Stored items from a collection
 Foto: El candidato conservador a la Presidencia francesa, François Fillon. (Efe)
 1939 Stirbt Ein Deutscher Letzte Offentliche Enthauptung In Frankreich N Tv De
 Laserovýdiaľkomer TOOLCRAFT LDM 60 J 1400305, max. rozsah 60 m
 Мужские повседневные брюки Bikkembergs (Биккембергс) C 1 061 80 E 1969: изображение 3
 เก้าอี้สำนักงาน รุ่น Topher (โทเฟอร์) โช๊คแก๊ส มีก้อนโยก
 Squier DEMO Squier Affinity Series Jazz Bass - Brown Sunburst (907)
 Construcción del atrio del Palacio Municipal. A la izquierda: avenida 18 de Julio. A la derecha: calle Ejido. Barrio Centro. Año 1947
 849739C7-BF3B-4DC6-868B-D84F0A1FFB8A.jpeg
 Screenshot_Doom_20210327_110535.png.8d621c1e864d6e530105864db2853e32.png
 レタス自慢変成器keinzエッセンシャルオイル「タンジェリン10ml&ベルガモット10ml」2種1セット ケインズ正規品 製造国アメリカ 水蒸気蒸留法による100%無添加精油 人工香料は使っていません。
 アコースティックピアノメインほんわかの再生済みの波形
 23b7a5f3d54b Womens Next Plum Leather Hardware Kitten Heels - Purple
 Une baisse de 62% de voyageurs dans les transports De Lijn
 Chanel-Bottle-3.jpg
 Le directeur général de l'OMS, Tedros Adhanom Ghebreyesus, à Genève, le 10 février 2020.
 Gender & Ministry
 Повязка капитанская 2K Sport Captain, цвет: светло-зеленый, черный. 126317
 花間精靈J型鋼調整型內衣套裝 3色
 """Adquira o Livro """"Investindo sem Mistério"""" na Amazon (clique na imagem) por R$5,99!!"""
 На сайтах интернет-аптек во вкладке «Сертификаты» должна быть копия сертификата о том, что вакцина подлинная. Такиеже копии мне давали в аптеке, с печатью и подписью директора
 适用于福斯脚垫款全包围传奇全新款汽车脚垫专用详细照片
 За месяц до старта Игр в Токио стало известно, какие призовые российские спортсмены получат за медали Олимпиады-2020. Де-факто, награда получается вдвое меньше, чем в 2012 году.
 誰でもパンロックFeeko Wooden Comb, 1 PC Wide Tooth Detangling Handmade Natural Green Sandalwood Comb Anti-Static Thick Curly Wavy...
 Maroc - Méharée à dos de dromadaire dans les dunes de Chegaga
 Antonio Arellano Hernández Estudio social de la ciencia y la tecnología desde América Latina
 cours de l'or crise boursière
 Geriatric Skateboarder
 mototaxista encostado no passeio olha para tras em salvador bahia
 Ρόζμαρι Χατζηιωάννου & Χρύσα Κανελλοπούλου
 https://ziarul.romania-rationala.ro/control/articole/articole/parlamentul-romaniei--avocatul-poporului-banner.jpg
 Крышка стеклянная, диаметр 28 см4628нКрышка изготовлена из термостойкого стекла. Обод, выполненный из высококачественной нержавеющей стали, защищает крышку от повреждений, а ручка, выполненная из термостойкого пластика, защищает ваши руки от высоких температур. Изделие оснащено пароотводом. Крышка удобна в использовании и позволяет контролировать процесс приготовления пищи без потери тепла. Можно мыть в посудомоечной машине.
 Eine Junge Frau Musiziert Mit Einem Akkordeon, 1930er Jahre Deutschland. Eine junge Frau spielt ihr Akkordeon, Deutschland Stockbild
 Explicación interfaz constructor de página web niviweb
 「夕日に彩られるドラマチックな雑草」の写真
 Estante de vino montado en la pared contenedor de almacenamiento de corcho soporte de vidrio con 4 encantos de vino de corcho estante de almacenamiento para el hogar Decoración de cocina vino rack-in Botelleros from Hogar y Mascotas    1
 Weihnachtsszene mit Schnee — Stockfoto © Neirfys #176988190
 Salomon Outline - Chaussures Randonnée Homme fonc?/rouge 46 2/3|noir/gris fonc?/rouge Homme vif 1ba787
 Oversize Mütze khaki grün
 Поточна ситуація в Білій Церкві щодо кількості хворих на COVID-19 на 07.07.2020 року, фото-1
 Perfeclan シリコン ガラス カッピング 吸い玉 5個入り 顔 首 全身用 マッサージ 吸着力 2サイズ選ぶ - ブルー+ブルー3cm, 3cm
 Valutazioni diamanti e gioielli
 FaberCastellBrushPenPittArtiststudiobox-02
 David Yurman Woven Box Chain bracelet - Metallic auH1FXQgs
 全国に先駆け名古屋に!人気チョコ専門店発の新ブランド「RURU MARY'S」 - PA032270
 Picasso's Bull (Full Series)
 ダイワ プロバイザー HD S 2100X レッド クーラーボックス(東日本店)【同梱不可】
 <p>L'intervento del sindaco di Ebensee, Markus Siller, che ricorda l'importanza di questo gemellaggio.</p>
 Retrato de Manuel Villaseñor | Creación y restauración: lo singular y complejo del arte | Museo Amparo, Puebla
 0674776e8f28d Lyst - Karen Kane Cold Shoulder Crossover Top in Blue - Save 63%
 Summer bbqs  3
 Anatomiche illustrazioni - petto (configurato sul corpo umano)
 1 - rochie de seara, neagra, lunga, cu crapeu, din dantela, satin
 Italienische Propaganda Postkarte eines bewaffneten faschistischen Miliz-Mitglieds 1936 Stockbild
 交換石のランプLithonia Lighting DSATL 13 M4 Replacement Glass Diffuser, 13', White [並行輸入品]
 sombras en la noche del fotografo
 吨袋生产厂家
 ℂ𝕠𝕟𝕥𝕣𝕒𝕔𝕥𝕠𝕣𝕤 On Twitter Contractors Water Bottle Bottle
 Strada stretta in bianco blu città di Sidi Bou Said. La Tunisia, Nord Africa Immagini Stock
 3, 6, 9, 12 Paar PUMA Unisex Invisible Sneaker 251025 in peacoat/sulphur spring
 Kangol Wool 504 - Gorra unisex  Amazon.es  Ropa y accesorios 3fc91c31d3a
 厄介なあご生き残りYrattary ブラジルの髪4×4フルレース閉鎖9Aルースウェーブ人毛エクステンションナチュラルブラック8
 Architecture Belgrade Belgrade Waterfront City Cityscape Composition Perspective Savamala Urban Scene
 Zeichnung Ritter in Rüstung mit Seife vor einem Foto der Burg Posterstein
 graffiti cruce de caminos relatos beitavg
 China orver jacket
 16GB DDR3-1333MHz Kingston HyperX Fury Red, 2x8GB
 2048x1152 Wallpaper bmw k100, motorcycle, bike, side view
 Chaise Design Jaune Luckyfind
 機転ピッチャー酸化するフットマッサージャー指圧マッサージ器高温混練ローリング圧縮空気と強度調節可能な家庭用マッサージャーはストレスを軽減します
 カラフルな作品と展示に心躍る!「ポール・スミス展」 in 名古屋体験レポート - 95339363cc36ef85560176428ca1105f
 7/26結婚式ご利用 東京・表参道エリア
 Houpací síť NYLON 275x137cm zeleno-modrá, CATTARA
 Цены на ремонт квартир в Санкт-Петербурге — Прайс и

**What this task involves:** Begin with the line above that has "Поточна ситуація в" and continue through the line that has "Zeichnung Ritter in", setting each one down exactly. Stop there.

**Written response:**
 Поточна ситуація в Білій Церкві щодо кількості хворих на COVID-19 на 07.07.2020 року, фото-1
 Perfeclan シリコン ガラス カッピング 吸い玉 5個入り 顔 首 全身用 マッサージ 吸着力 2サイズ選ぶ - ブルー+ブルー3cm, 3cm
 Valutazioni diamanti e gioielli
 FaberCastellBrushPenPittArtiststudiobox-02
 David Yurman Woven Box Chain bracelet - Metallic auH1FXQgs
 全国に先駆け名古屋に!人気チョコ専門店発の新ブランド「RURU MARY'S」 - PA032270
 Picasso's Bull (Full Series)
 ダイワ プロバイザー HD S 2100X レッド クーラーボックス(東日本店)【同梱不可】
 <p>L'intervento del sindaco di Ebensee, Markus Siller, che ricorda l'importanza di questo gemellaggio.</p>
 Retrato de Manuel Villaseñor | Creación y restauración: lo singular y complejo del arte | Museo Amparo, Puebla
 0674776e8f28d Lyst - Karen Kane Cold Shoulder Crossover Top in Blue - Save 63%
 Summer bbqs  3
 Anatomiche illustrazioni - petto (configurato sul corpo umano)
 1 - rochie de seara, neagra, lunga, cu crapeu, din dantela, satin
 Italienische Propaganda Postkarte eines bewaffneten faschistischen Miliz-Mitglieds 1936 Stockbild
 交換石のランプLithonia Lighting DSATL 13 M4 Replacement Glass Diffuser, 13', White [並行輸入品]
 sombras en la noche del fotografo
 吨袋生产厂家
 ℂ𝕠𝕟𝕥𝕣𝕒𝕔𝕥𝕠𝕣𝕤 On Twitter Contractors Water Bottle Bottle
 Strada stretta in bianco blu città di Sidi Bou Said. La Tunisia, Nord Africa Immagini Stock
 3, 6, 9, 12 Paar PUMA Unisex Invisible Sneaker 251025 in peacoat/sulphur spring
 Kangol Wool 504 - Gorra unisex  Amazon.es  Ropa y accesorios 3fc91c31d3a
 厄介なあご生き残りYrattary ブラジルの髪4×4フルレース閉鎖9Aルースウェーブ人毛エクステンションナチュラルブラック8
 Architecture Belgrade Belgrade Waterfront City Cityscape Composition Perspective Savamala Urban Scene
 Zeichnung Ritter in Rüstung mit Seife vor einem Foto der Burg Posterstein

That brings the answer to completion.